Much has been written on the meaning of life and death. Perhaps more than on any other subject (with "love" probably in that mix). A relatively recent expression of the very spirit of momento mori comes from the visionary/powerful/wealthy/brilliant/influential, but dead anyway, founder of Apple Computers, Steve Jobs.

“Almost everything–all external expectations, all pride, all fear of embarrassment or failure–these things just fall away in the face of death, leaving only what is truly important. Remembering that you are going to die is the best way I know to avoid the trap of thinking you have something to lose. You are already naked. There is no reason not to follow your heart.”

"The trap of thinking you have something to lose" ... exactly. None of us are getting out of here alive. Steve Jobs, Walt Disney, George Washington. All dead. In fact, everyone who was ever born is either dead or very soon will be. So, please, stop taking it all so seriously!

"People tend the take everything too seriously. Especially themselves. Yep. And that's probably what makes 'em scared and hurt so much of the time. Life is too serious to take that seriously." Tom Robbins

Scared and hurt. Regretful and worried. Why would we ever squander our only lives on these ways of being. Regret is useless. If there is something you can do now to correct what you are regretting, do it. If you can't, then turn the page and get on with the business of living. Worry, too, is a nonesensical waste of energy. Whatever it is that you are worried about, ask yourself this - "Is there any action I can take to affect this outcome?" If the answer is "Yes", then do it. If the answer is "No", then don't worry and deal with it when it comes. 

So, how about being joyous and kind and excited and loving? How can we shift our vibration there instead?

We can begin by realizing that there are only two kinds of squares in a memento mori - those that are black and those that are white. In other words, those that are already filled in and those that remain blank.

The black ones represent our past. There is nothing we can do about them now. The only healthy way to regard the past is with unequivocal gratitude. Be grateful for every good thing you have experienced. And be grateful for the lesson in every bad thing, as well as grateful that it has passed. 

The blank squares are blank for a reason. NOTHING IN THE FUTURE HAS HAPPENED YET! So, this is something you can do everything about. The whole rest of your life starts right now, always. I am reminded of a great book I just saw, entitled "It Is NEVER Too Late, As Long As You Start RIGHT NOW!"

Here is a challenge. 

Create your own memento mori. You can even download a blank one in .pdf form right here ...

Really examine how much time has passed and how much is left to come.

And ask yourself these questions... How much of that rapidly shrinking white space am I going to spend watching television? How much do I want to spend feeling sorry for myself? How much am I willing to spend doing things I don't enjoy? What kind of responsibility am I going to take for my health and energy to best enjoy that time? What do I really want to be doing and how can I start doing it? With what friends do I want to share the time I have left in my life?

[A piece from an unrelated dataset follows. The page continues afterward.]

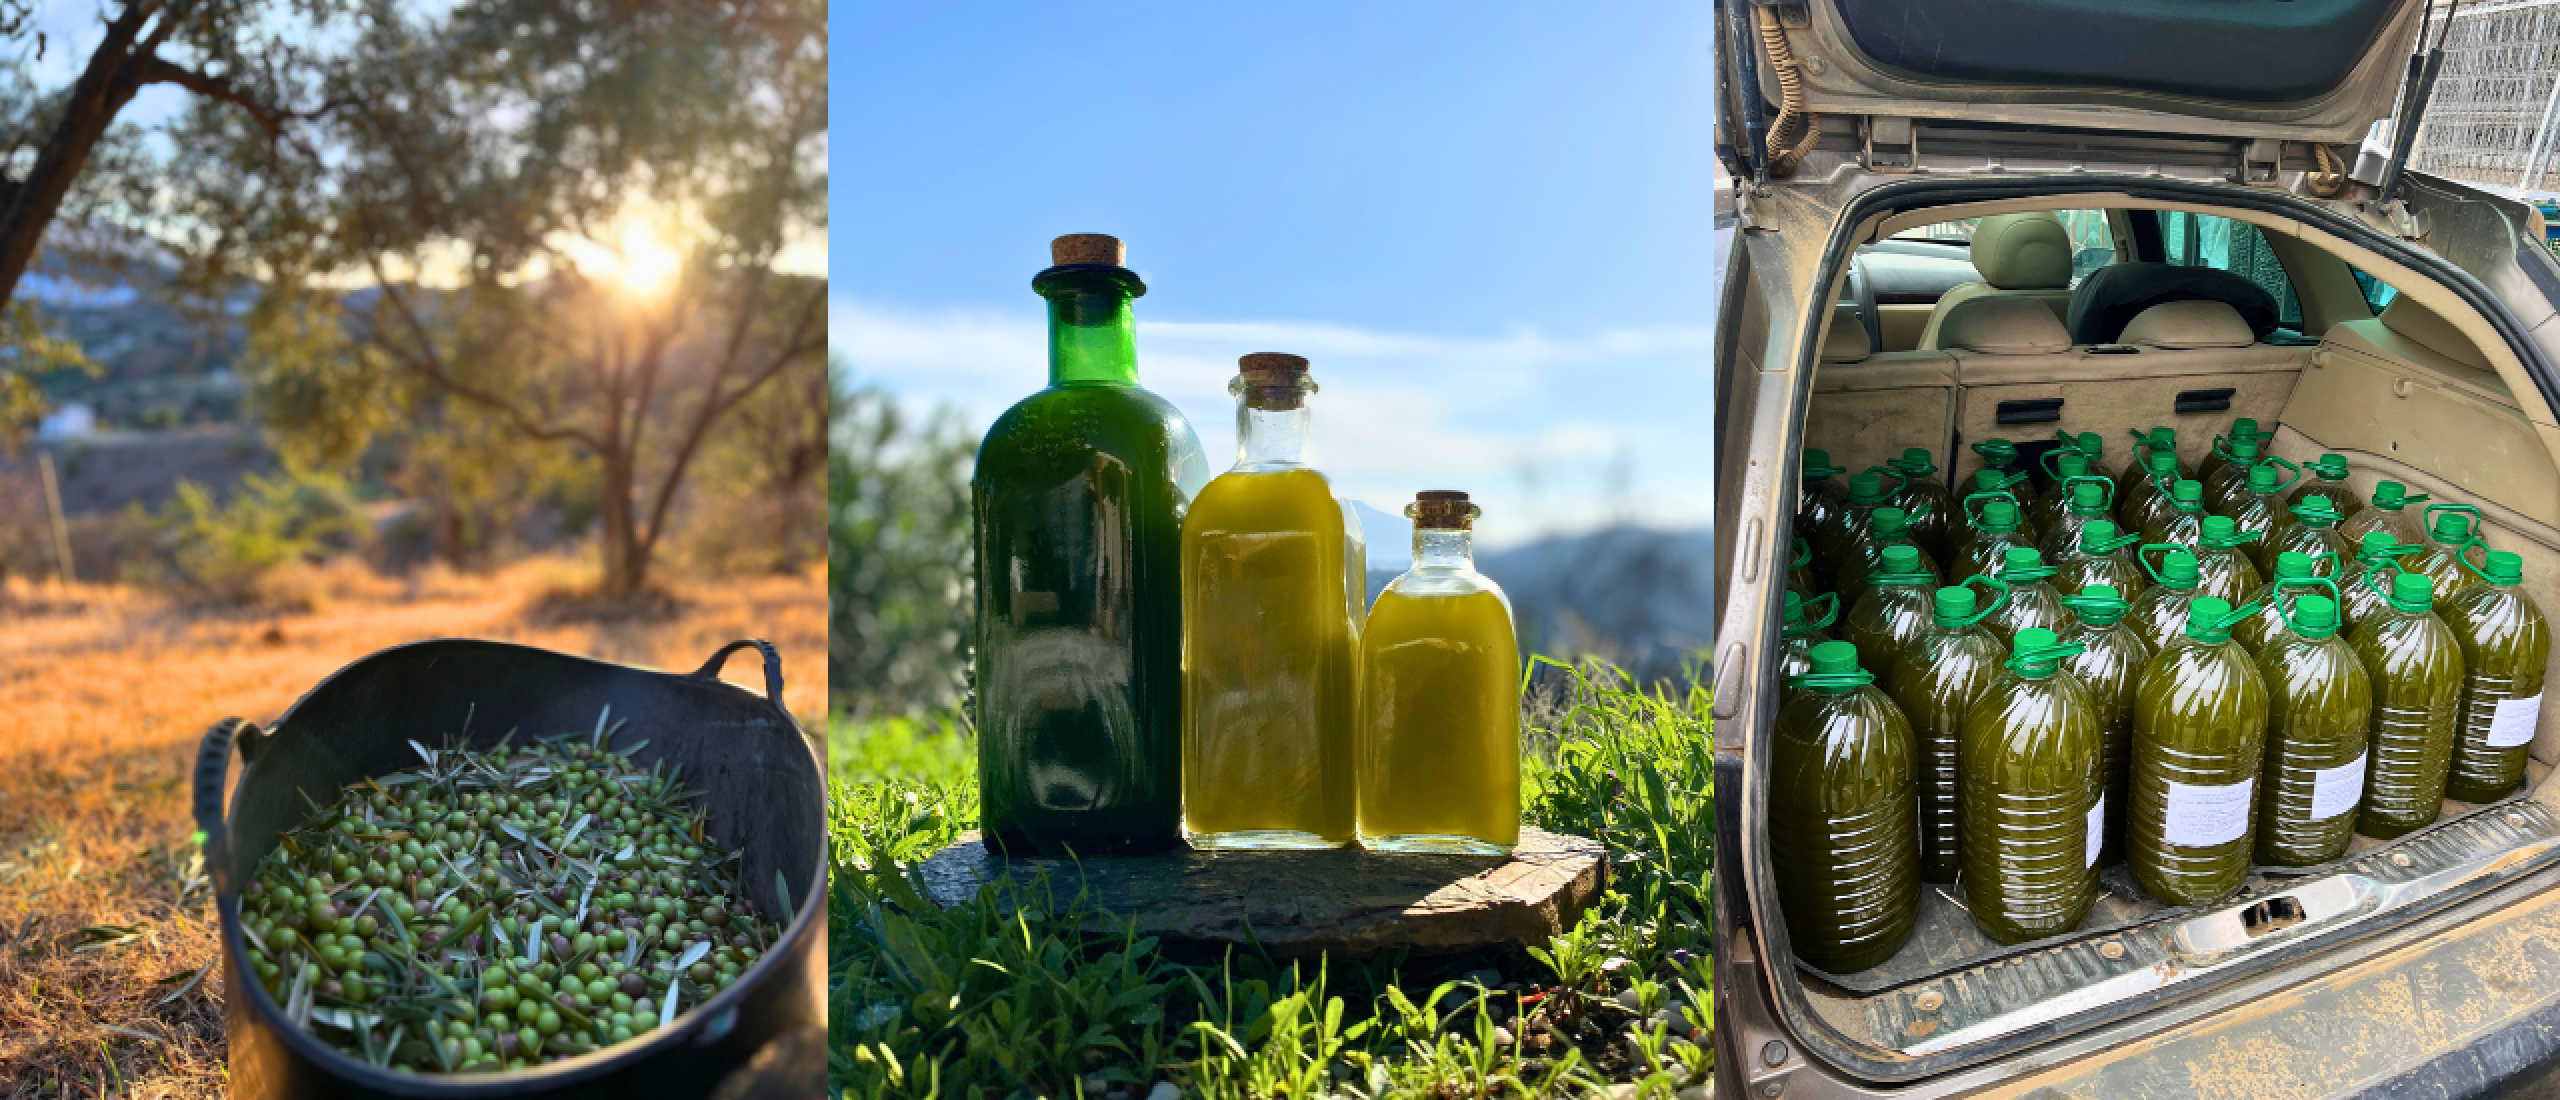 Bakken met olijfolie: 9 essentiële weetjes

And then get very excited, not just about every remaining week but about every remaining day, every remaining hour, every remaining minute. Get very excited about your very next breath. AND GET LIVING!

"‎This is our time—the time each one of us has been given. Yet we get lost in semantics—what is good, bad, right, wrong. What do we forget? Everywhere, someone has a request, someone has a prayer. “Make this happen. Give me a better job. Give me a better life.” We forget what we have been given. Somehow, we are unable to look at what is in front of us—the most beautiful, the most magnificent. There is no greater blessing than the coming and going of this breath."              Prem Rawat

Someday, no matter what, your spreadsheet will be totally black. So will mine. So will your kids' and everyone else's. 

So, here is one more question worth asking yourself, from the poet Mary Oliver.

“Tell me, what is it you plan to do with your one wild and precious life?” 

As for me, I plan on living myself to death!